In research, such oligonucleotides may be used to specifically modulate the synthesis of SpH protein in cells (e.g. in vitro cell cultures) and experimental animals thereby facilitating functional analysis of the target or an appraisal of its usefulness as a target for therapeutic intervention. Typically, the target modulation is achieved by degrading or inhibiting the mRNA producing the protein, thereby prevent protein formation or by degrading or inhibiting a modulator of the gene or mRNA producing the protein.

The present invention provides an in vivo or in vitro method for modulating Spi1 expression in a target cell which is expressing Spi1 , said method comprising administering an oligonucleotide of the invention in an effective amount to said cell.

In some embodiments, the target cell, is a mammalian cell such as a human, cynomolgus monkey or murine cell. The target cell may be an in vitro cell culture or an in vivo cell forming part of a tissue in a mammal.

In diagnostics the oligonucleotides may be used to detect and quantitate Spi1 expression in cell and tissues by northern blotting, in-situ hybridisation or similar techniques.

For therapeutics, the oligonucleotides of the invention can be used to modulate the expression of Spi1 in an animal (e.g. a human) suspected of having a disease or disorder mediated by or associated with aberrant Spi 1 expression.

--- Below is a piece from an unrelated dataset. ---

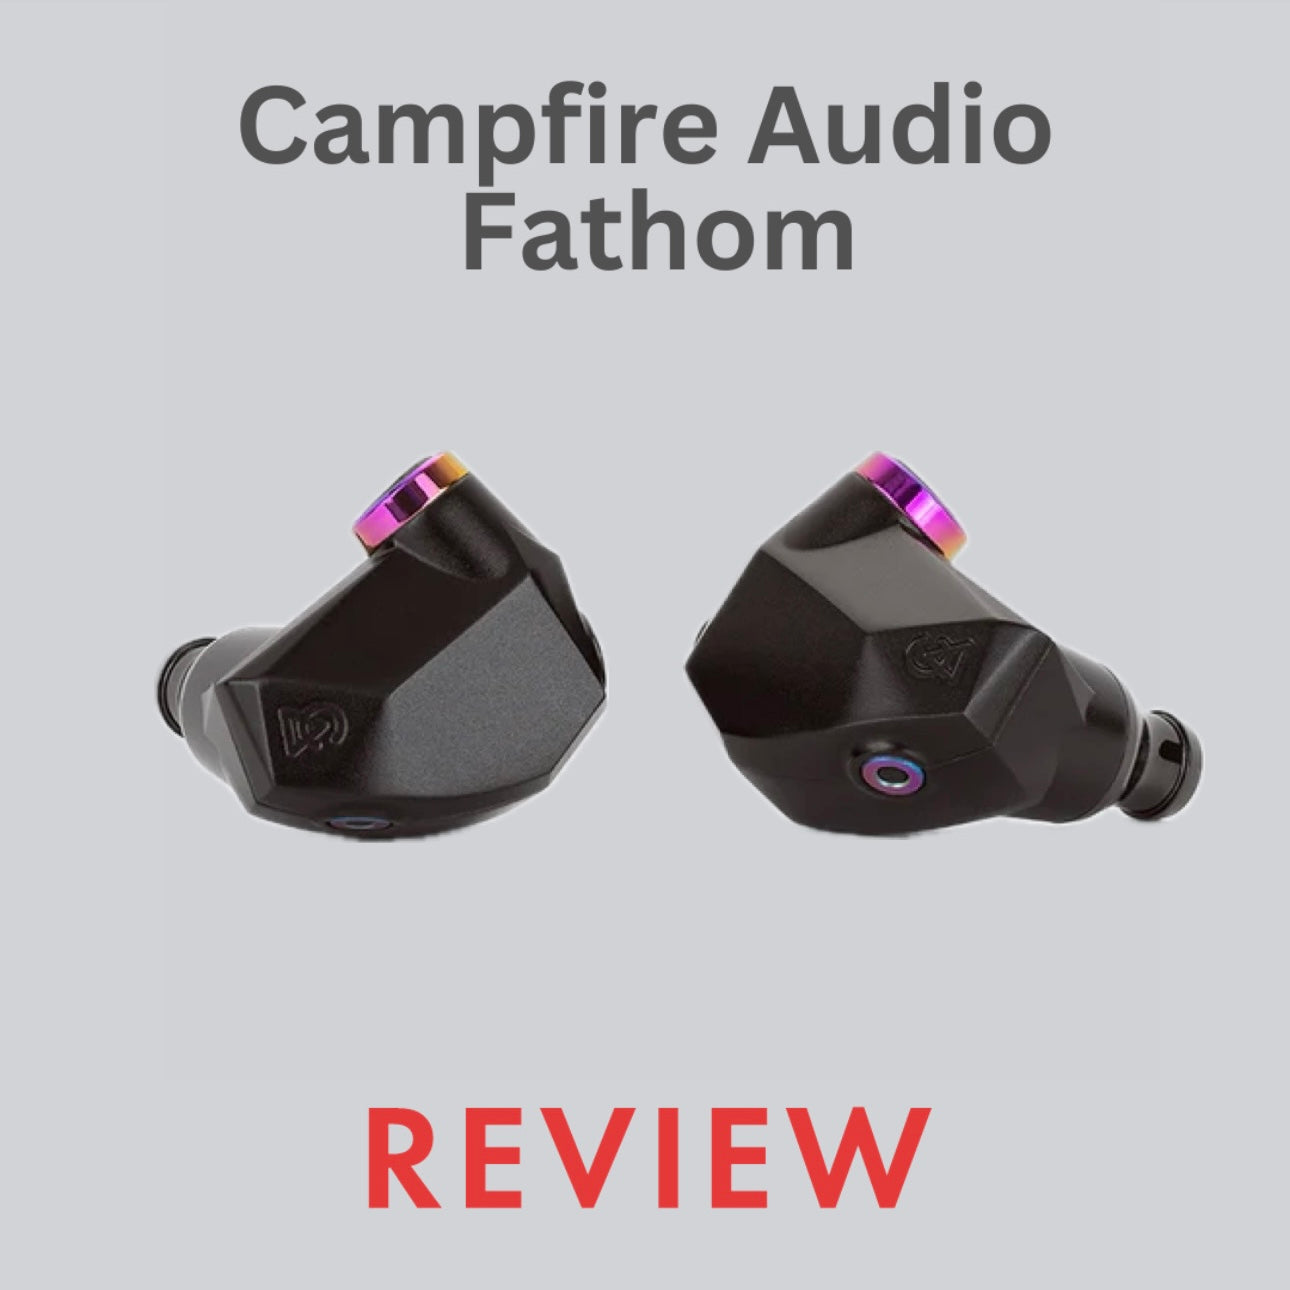 Campfire Audio Fathom Review

In a particular embodiment, an oligonucleotide of the invention is used to inhibit the expression of Spi1 in an animal suspected of having a disease or disorder mediated by or associated with aberrant Spi1 expression. In an embodiment, the disease or disorder is one mediated by or associated with elevated expression of Spi1 in the affected cells. For example, the affected cells could be tumour/cancer cells that express higher than normal amounts of Spi 1. A patient (e.g. animal) with diseased cells that express higher than normal levels of Spi1 is considered to be have a disease mediated by or associated with aberrant (e.g. elevated) Spi1 expression.

The invention provides methods for treating or preventing a disease, comprising

administering a therapeutically or prophylactically effective amount of an oligonucleotide, an oligonucleotide conjugate or a pharmaceutical composition of the invention to a subject suffering from or susceptible to the disease.

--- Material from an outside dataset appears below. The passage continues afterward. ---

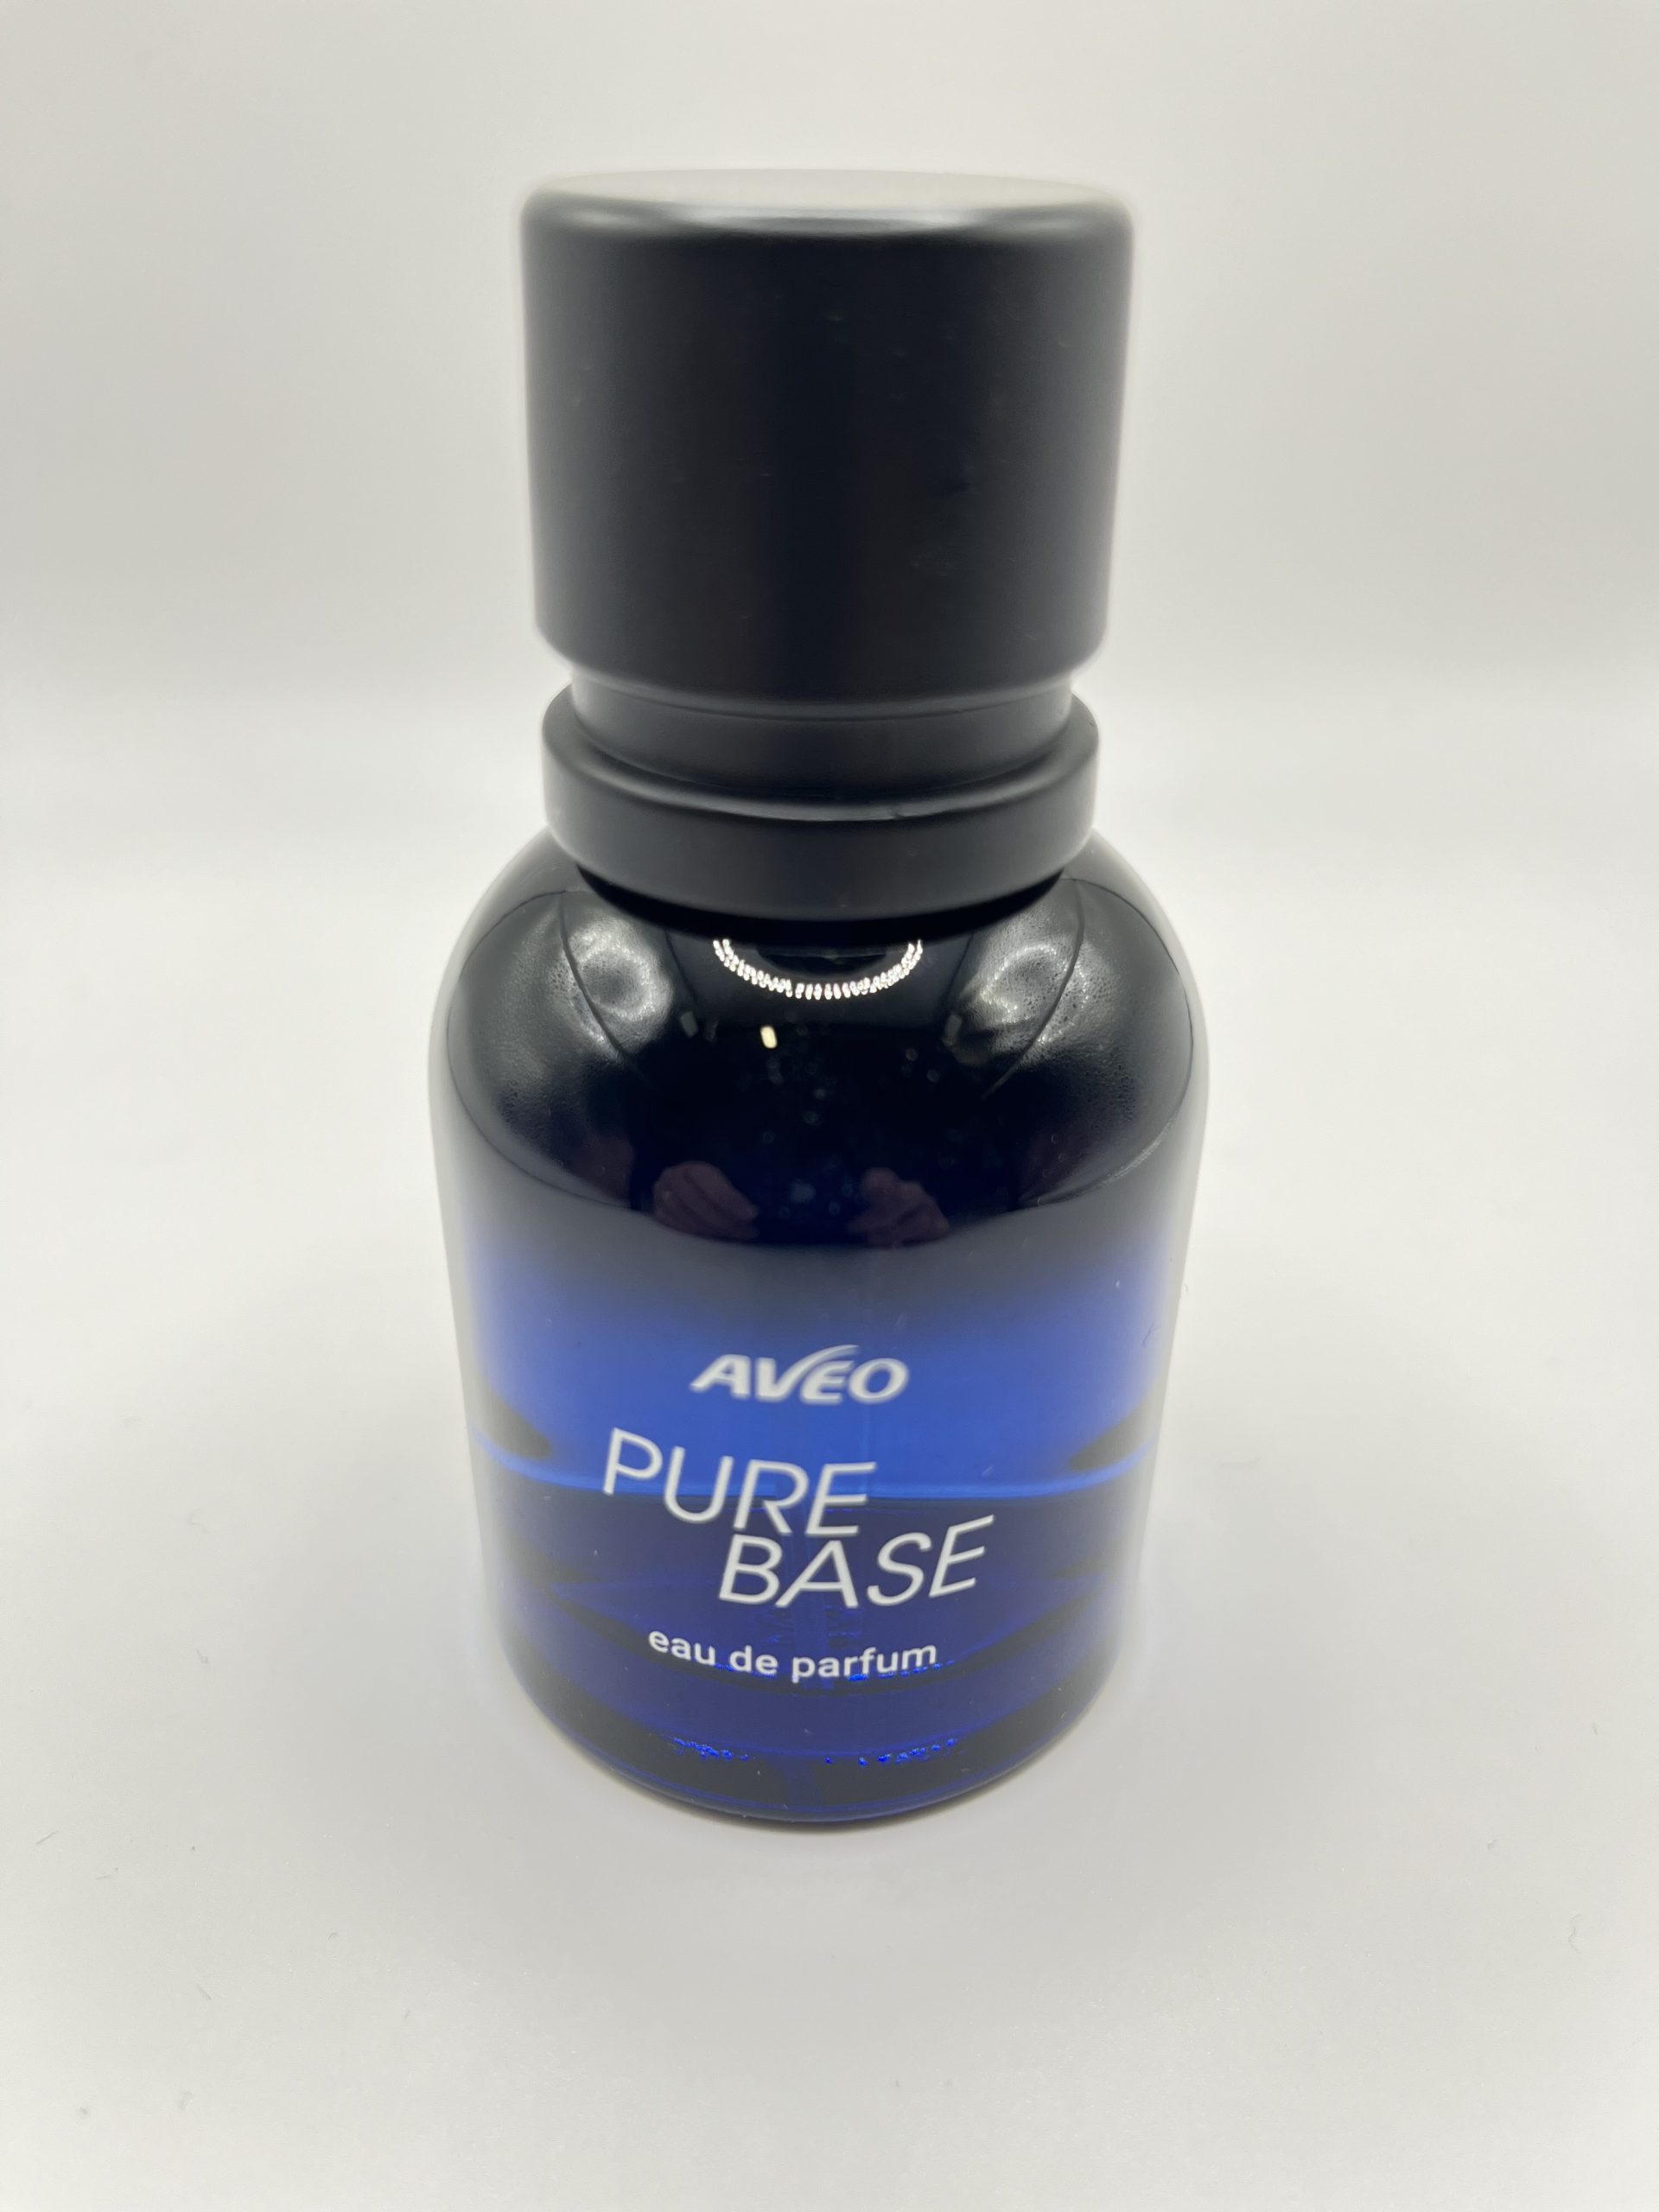 Featured image for “Pure Base Eau de Parfum 50ml”

The invention also relates to an oligonucleotide, or an oligonucleotide conjugate or a pharmaceutical composition as defined herein for use as a medicament.

The oligonucleotide, oligonucleotide conjugate or a pharmaceutical composition according to the invention is typically administered in an effective amount.

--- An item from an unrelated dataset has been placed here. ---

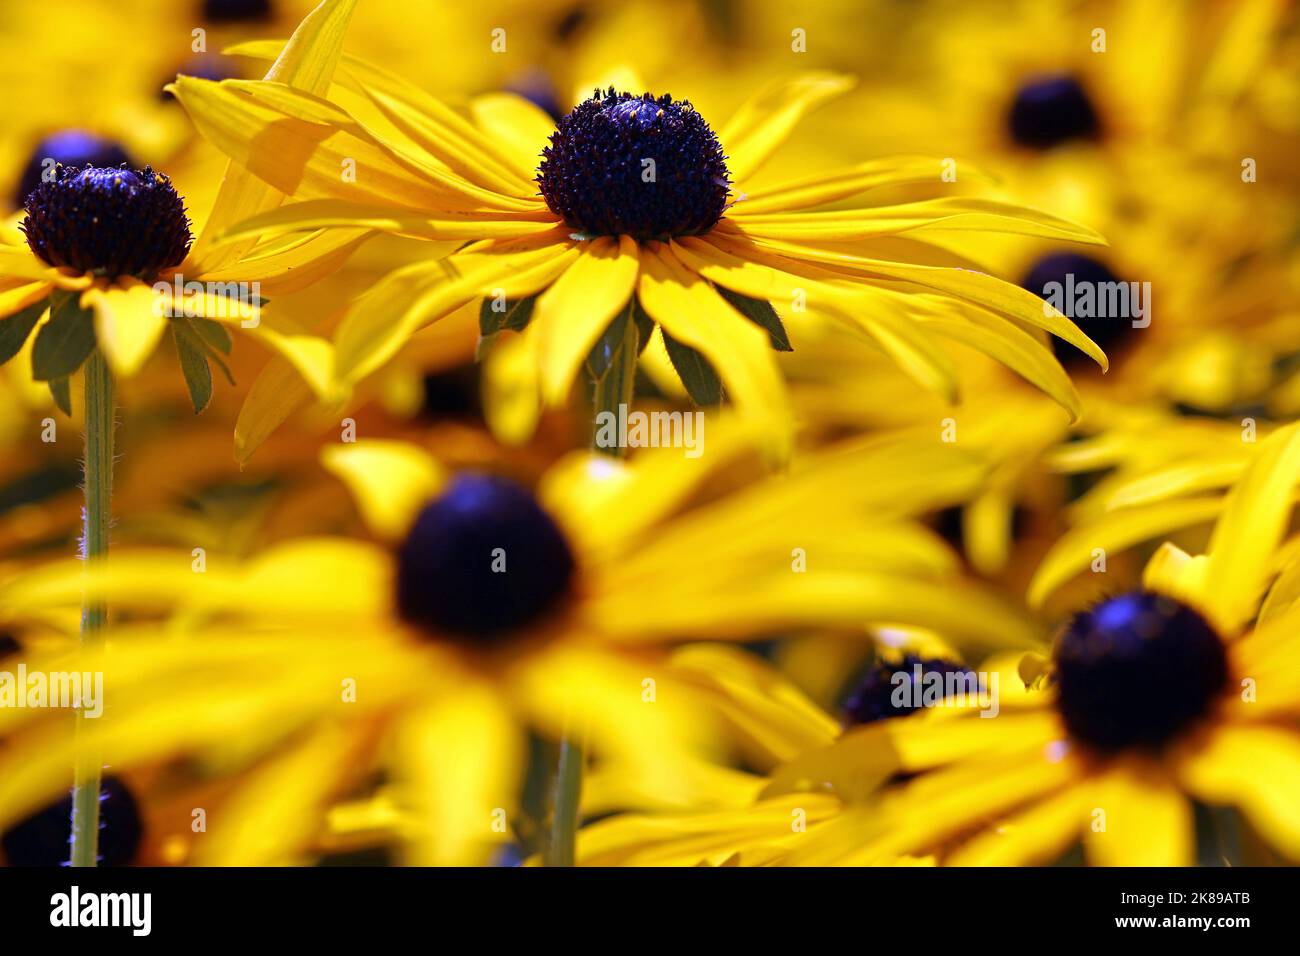 Macro immagine di un fiore giallo brillante Rudbeckia con cono centrale marrone cioccolato, che spicca tra molti Rudbeckia circostanti. Agosto, Inghilterra Foto Stock

The invention also provides for the use of the oligonucleotide or oligonucleotide conjugate or pharmaceutical composition as defined or described herein for the manufacture of a medicament for the treatment of a disease or disorder as referred to herein, or for a method of the treatment of a disease or disorder as referred to herein.

The disease or disorder, as referred to herein, is associated with expression of Spi 1. In some embodiments the disease or disorder may be associated with a mutation in the Spi 1 gene. Therefore, in some embodiments, the target nucleic acid is a mutated form of the Spi1 sequence.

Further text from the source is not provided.